If/when your computer becomes a server for malware, it can SPAM and try to infiltrate anyones computer you email or chat with.
Then there is your personal information............
So without antivirus, you could also be doing harm to the rest of us.
</rant>

OK, now where were we

Download and install Avast! Home Free

Run a full scan with it.

I am going to check on Combofix, I have had a few people not able to run it lately and I will try to find out why.

I will post back more instructions shortly.

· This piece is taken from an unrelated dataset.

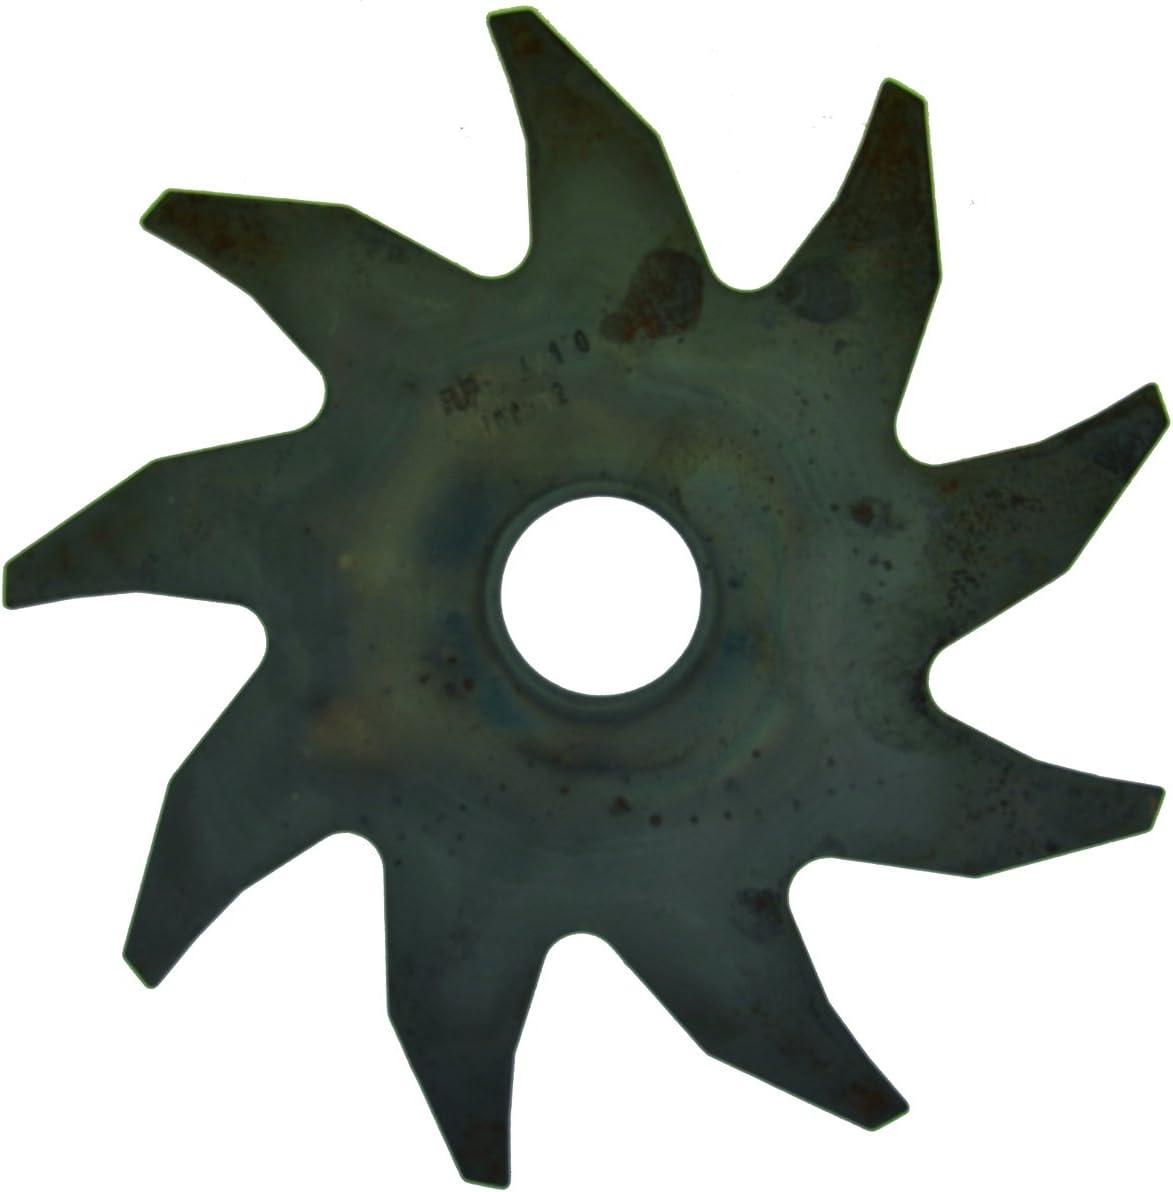 Greenstar 23758 - Adaptable para john deere cuchilla escarificadora

I'll get that anti-virus as soon as possible. Thank you for telling me about it. I did not mind your rant one bit, I rant quite a bit myself and about much less important topics. I especially found your speech really informative since (I'm sure you can tell) I really dont have any knowledge of the malware, spyware, virus sort of thing; If there is anything else you need to know, feel free to rant about that as well, you are only making my life easier and safer. Thank you!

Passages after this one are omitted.